Par Baptistine Airiau, agrégée d’HistoireL’annonce, le 10 février, de la commande indonésienne de 42 Rafale porte désormais à plus de 200 le nombre d’appareils commandés sous le mandat d’Emmanuel Macron ; si les succès industriels de la diplomatie française sont indéniables, la politique française d’exportation d’armement peut néanmoins interroger.
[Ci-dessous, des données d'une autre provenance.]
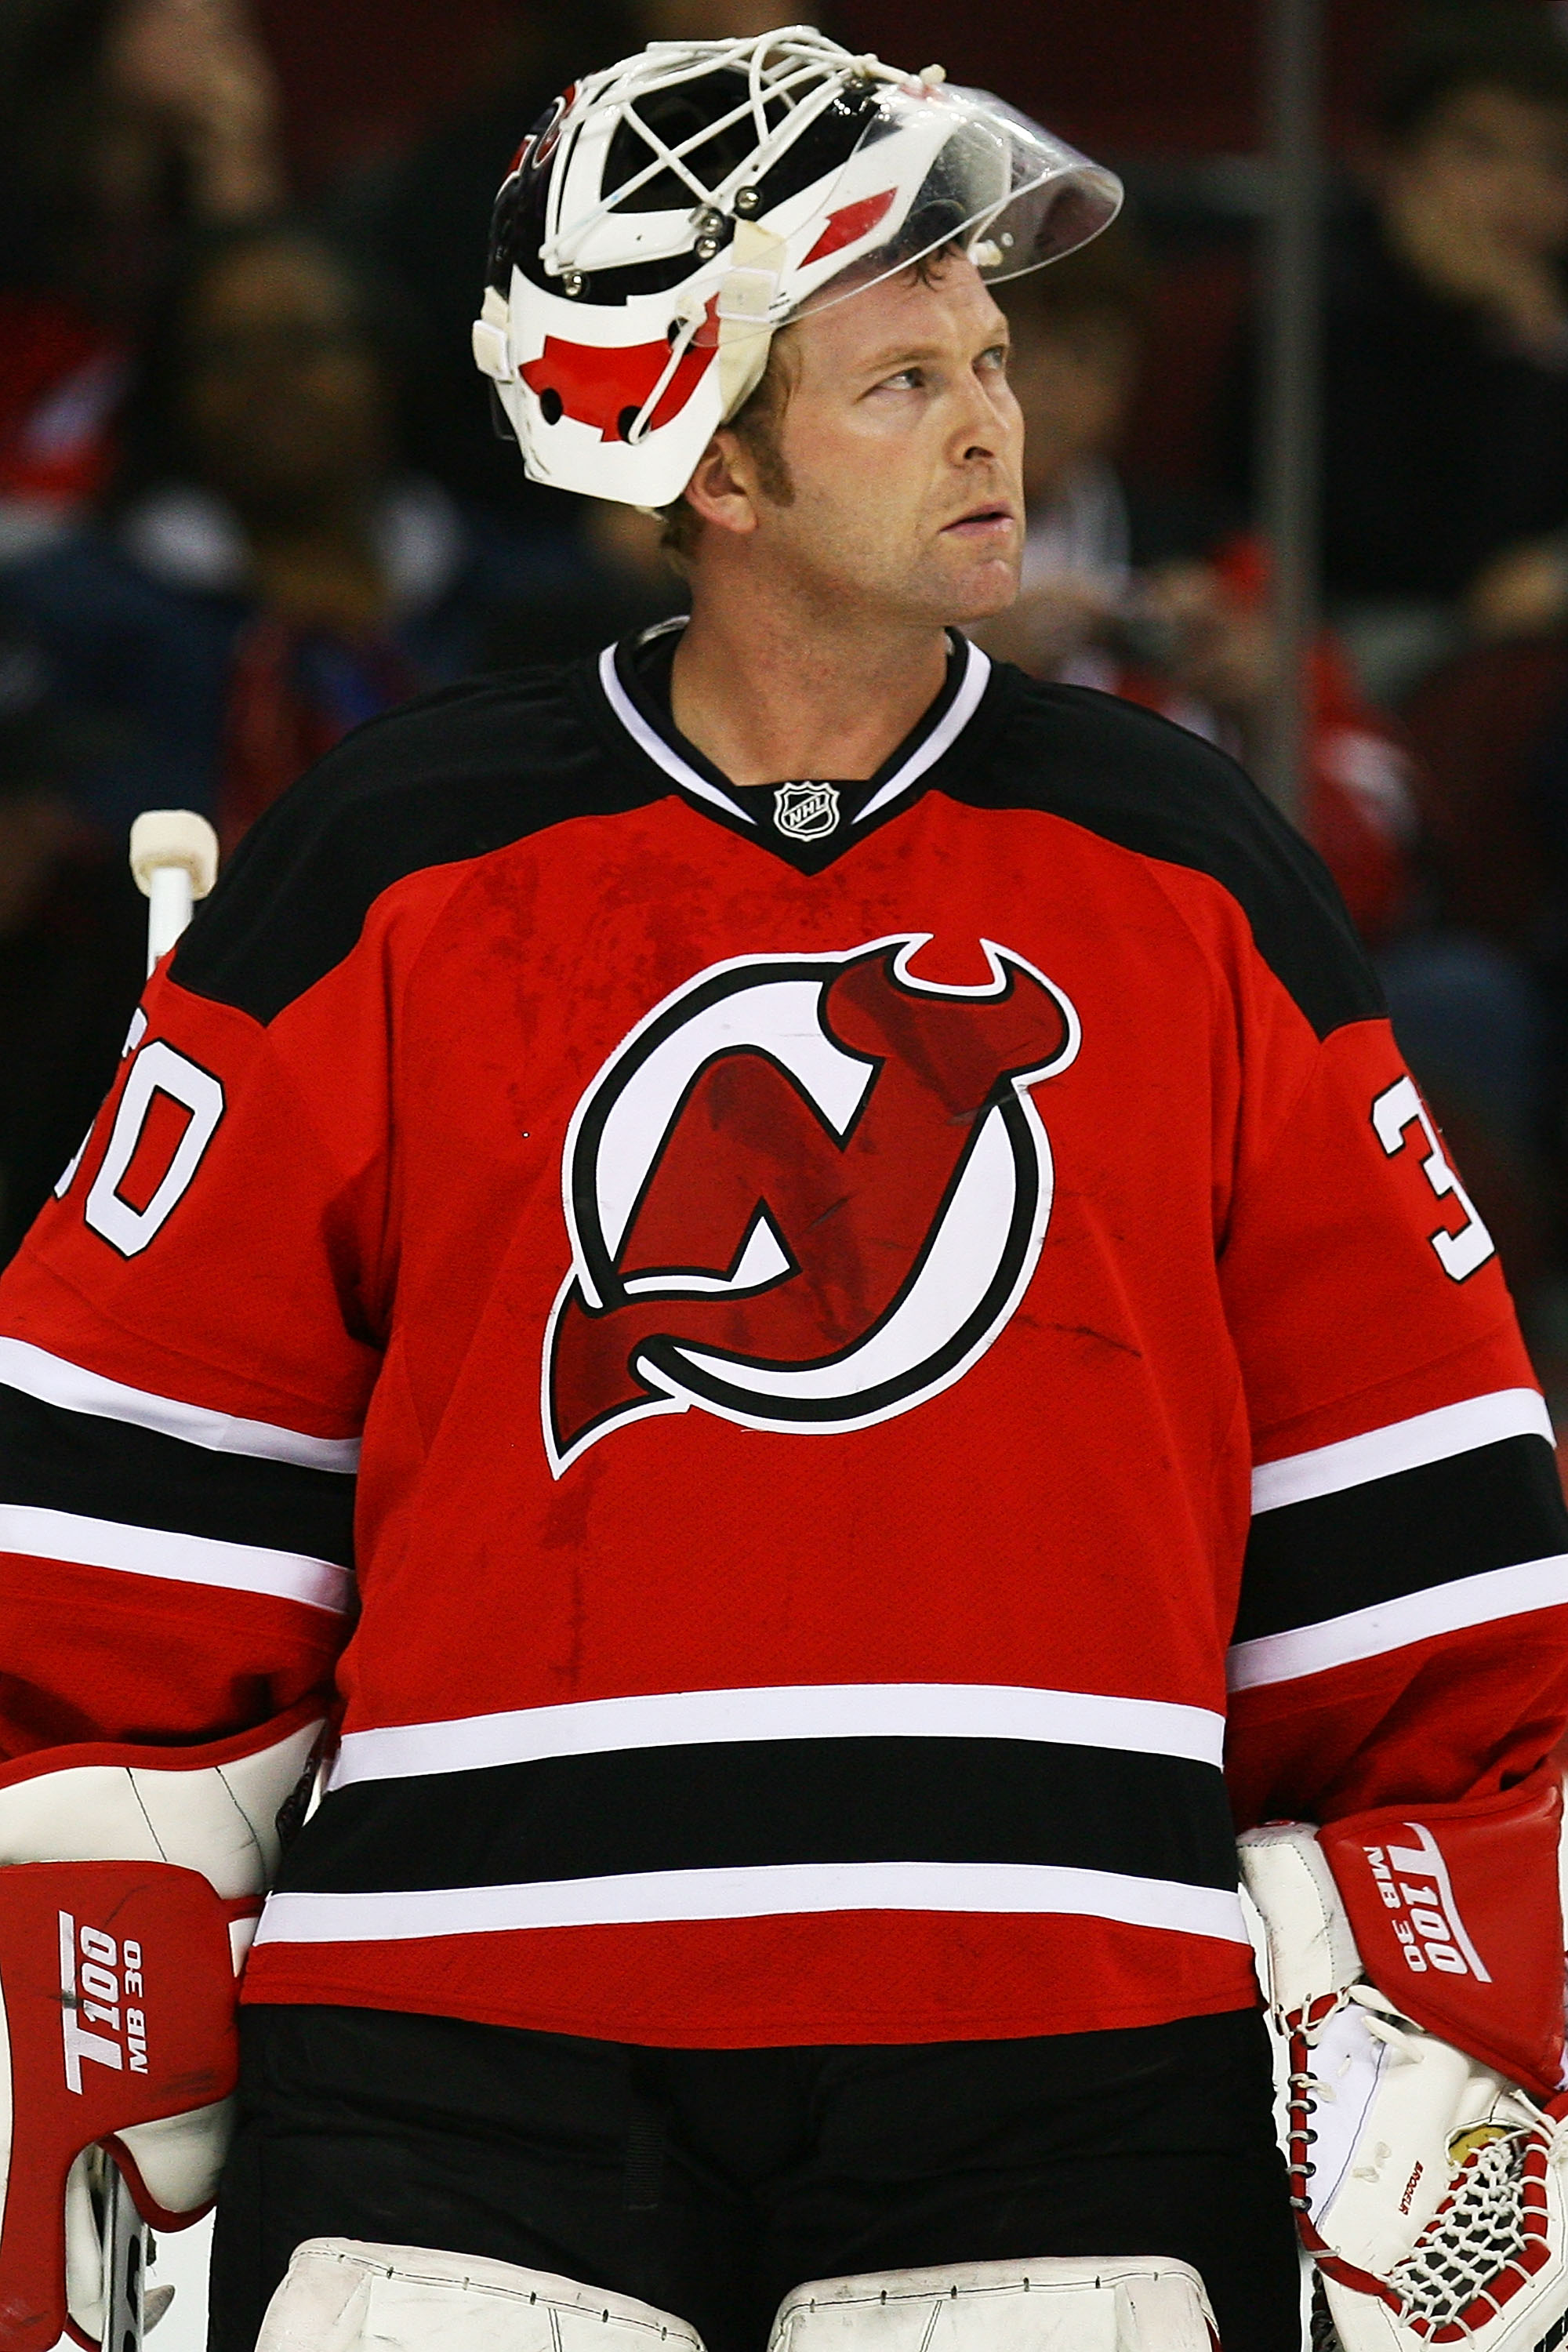 Are the Devils already forced to start thinking about next year?

 D’une part, la politique actuelle d’armement est un réel succès sur le plan intérieur. Elle s’appuie notamment sur une législation européenne selon laquelle le matériel de défense est extrait partiellement du droit de la concurrence. En effet, la législation européenne, en vertu de la directive 2009/81/CE, prend en compte la spécificité du marché des matériels de défense en adaptant les règles des autres marchés publics à celui de la défense et en laissant aux États la possibilité de négocier des contrats en dehors de toute publicité[1]. En outre, les pouvoirs publics français restent très investis dans ce secteur. Cette politique s’appuie également sur un engagement de l’Etat tant par la mise en place de programmes d’armement que par la présence au sein du capital des fleurons de la défense, mais aussi sur un savoir-faire indéniable.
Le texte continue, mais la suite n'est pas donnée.